■ **Task goal**
Starting at the line that contains "Epic Art 'Spring", return every line through the end of the data exactly, without pictures.

■ **Information supplied**
========================================================================

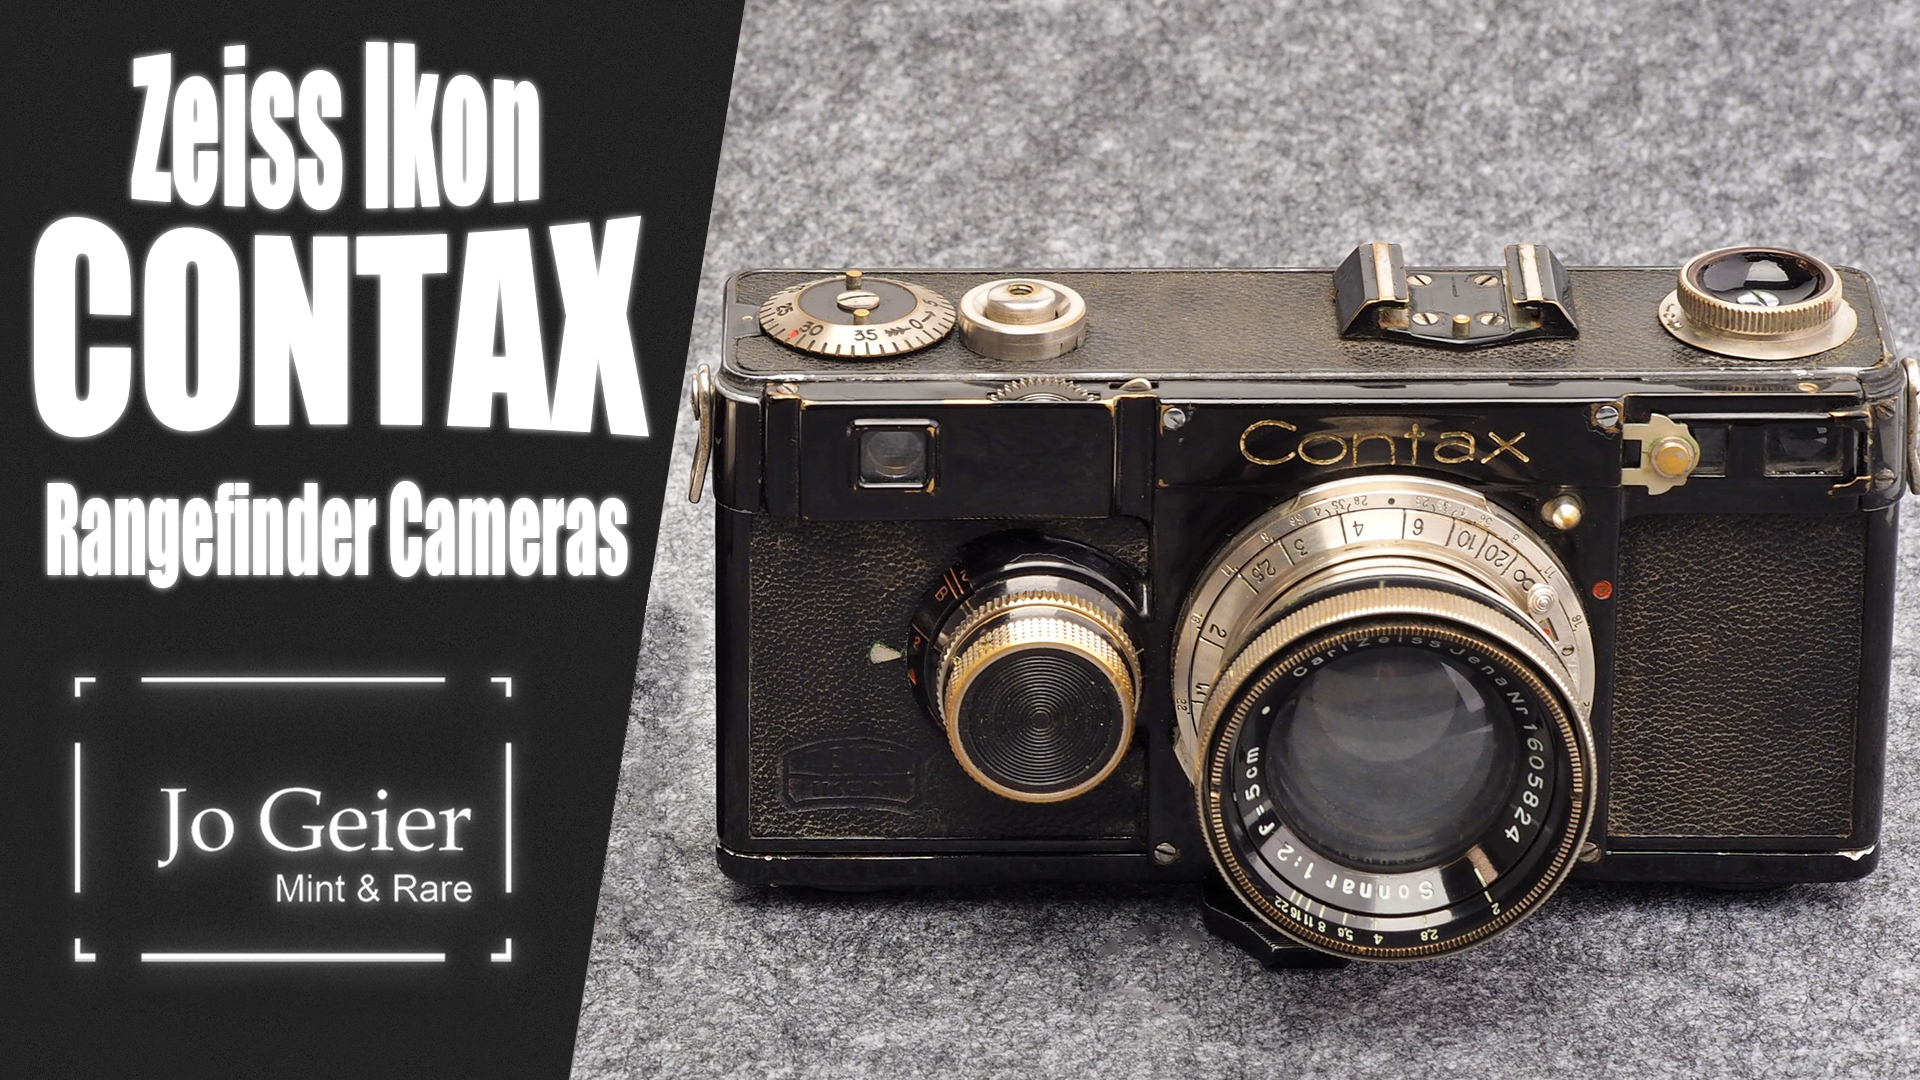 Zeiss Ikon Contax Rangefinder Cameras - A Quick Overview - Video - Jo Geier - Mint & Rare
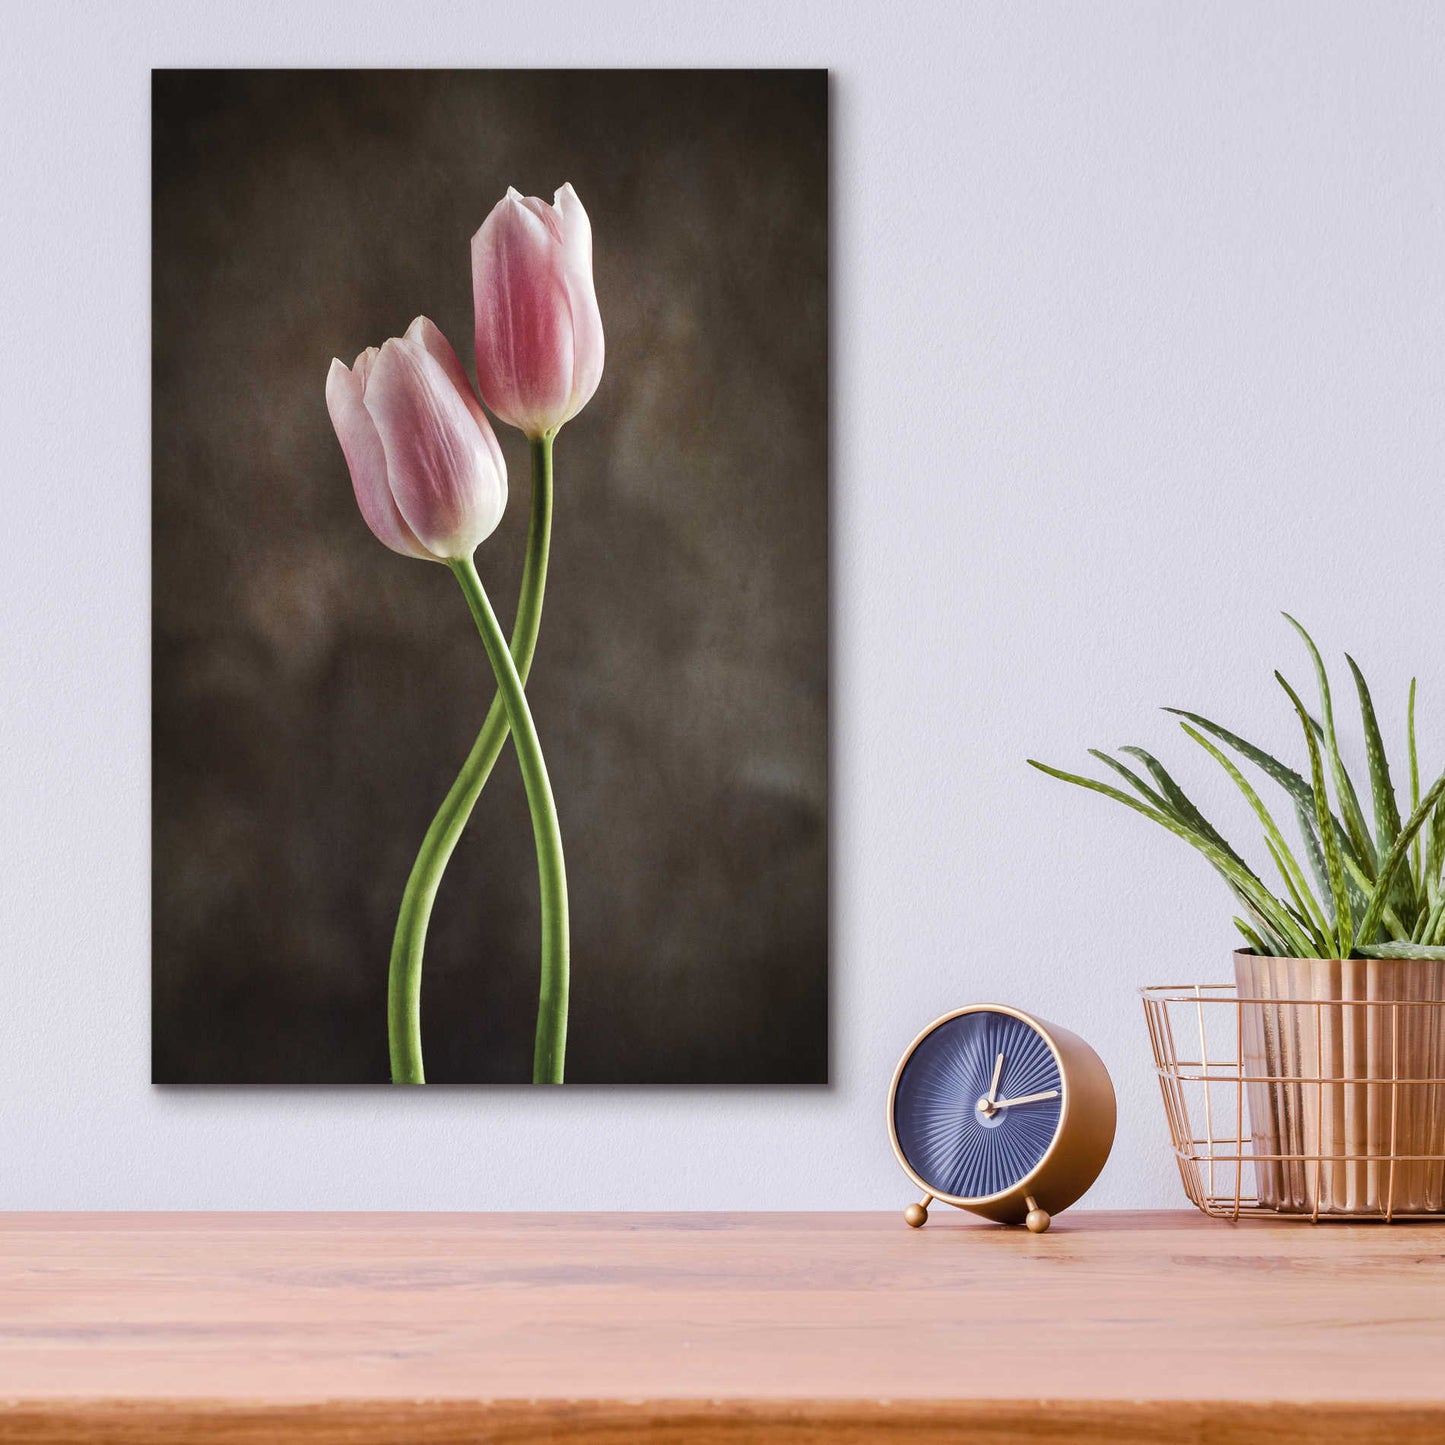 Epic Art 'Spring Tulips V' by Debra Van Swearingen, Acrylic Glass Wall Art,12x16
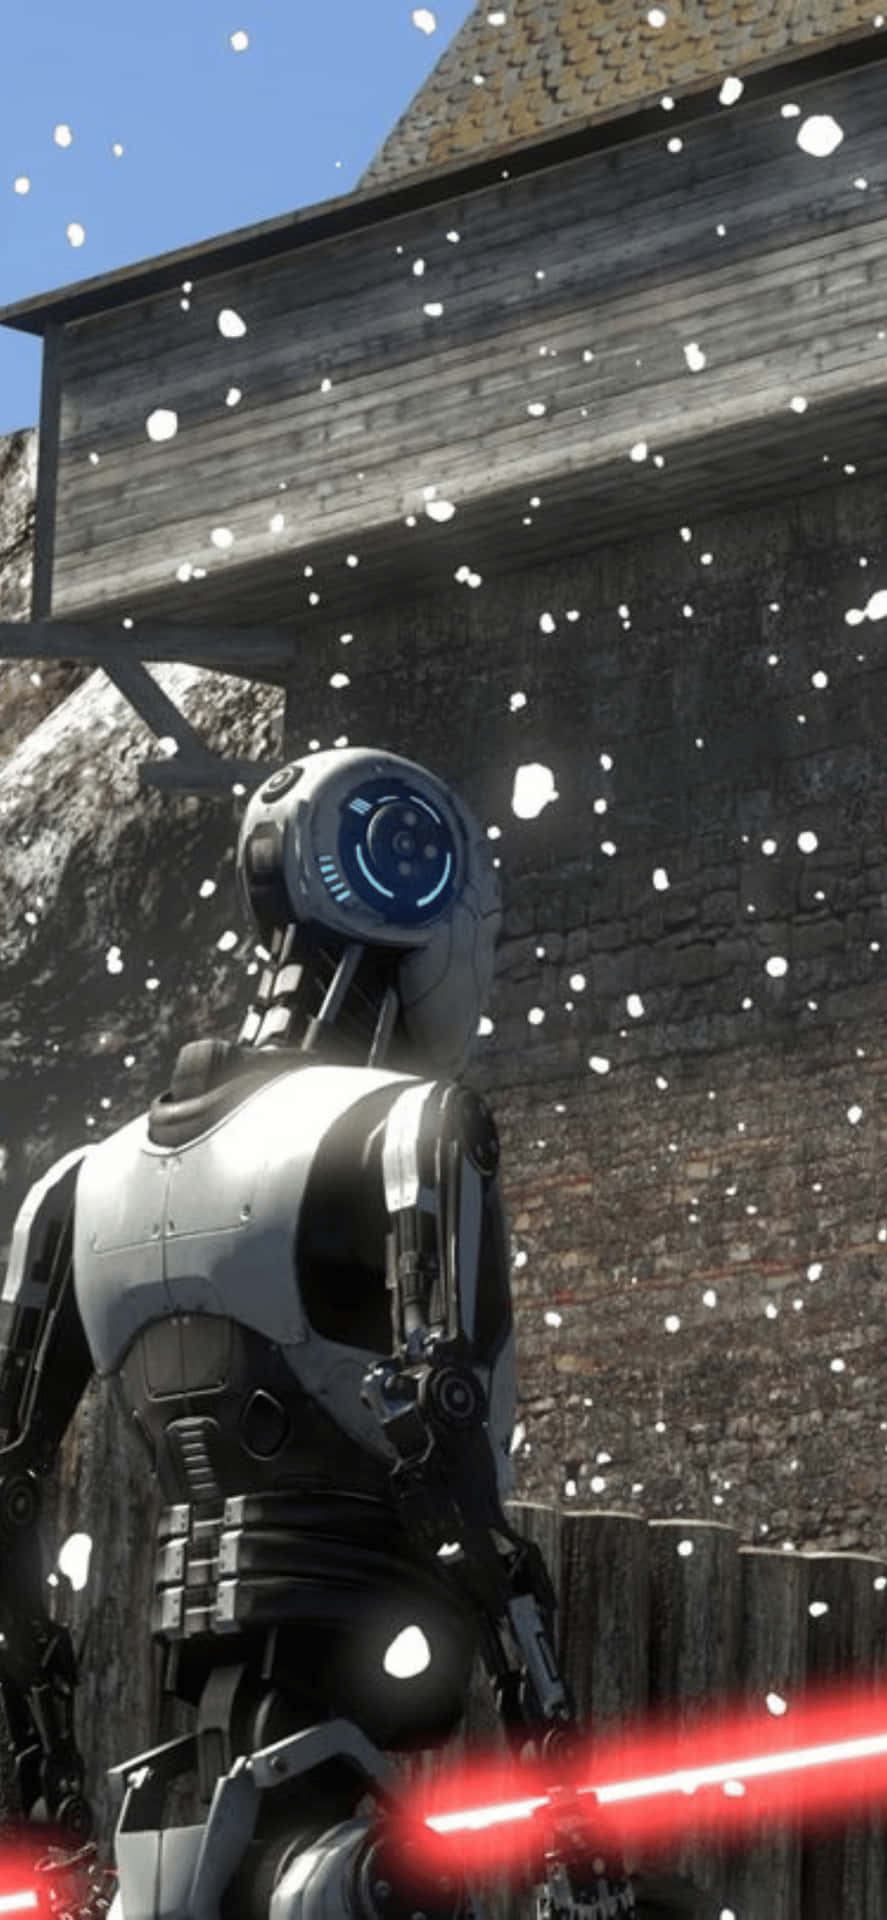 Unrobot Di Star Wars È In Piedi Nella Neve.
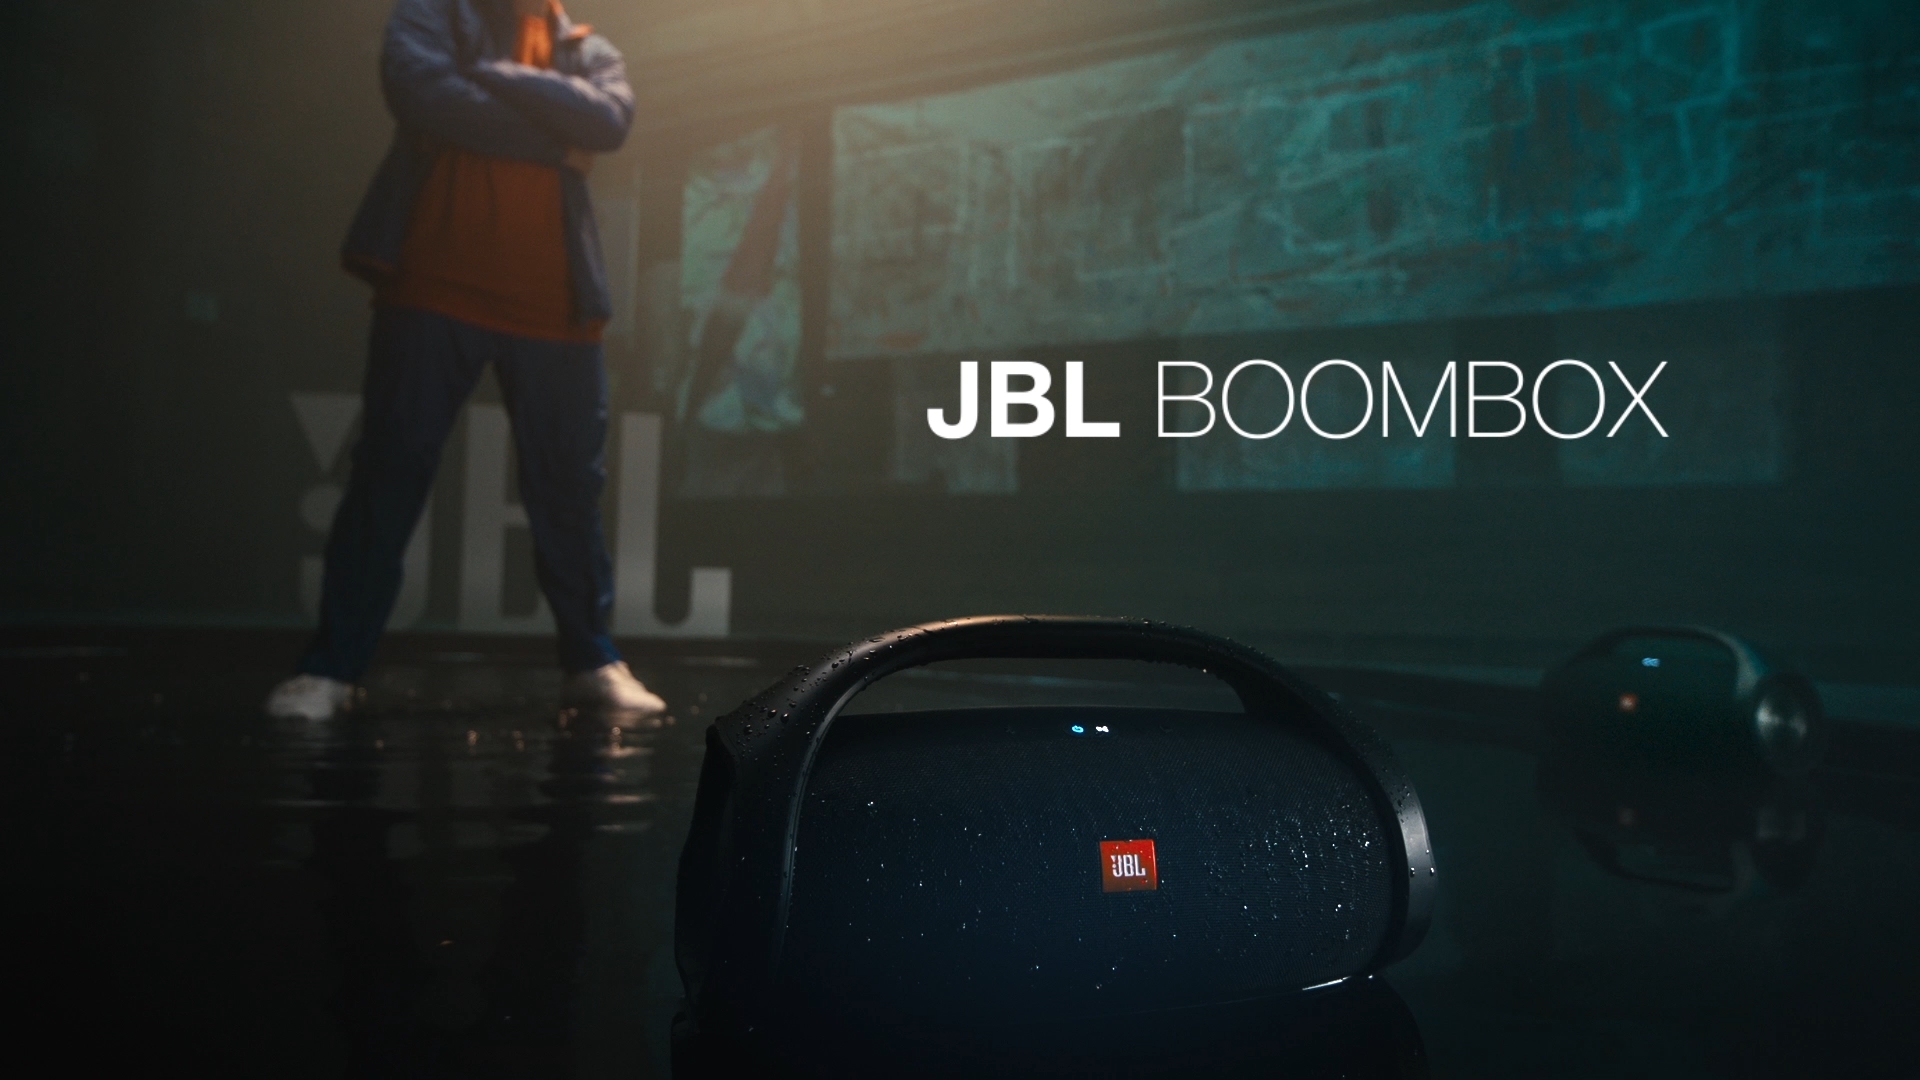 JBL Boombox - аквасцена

========================================================================

■ **Written answer**
 Epic Art 'Spring Tulips V' by Debra Van Swearingen, Acrylic Glass Wall Art,12x16
 Unrobot Di Star Wars È In Piedi Nella Neve.
 JBL Boombox - аквасцена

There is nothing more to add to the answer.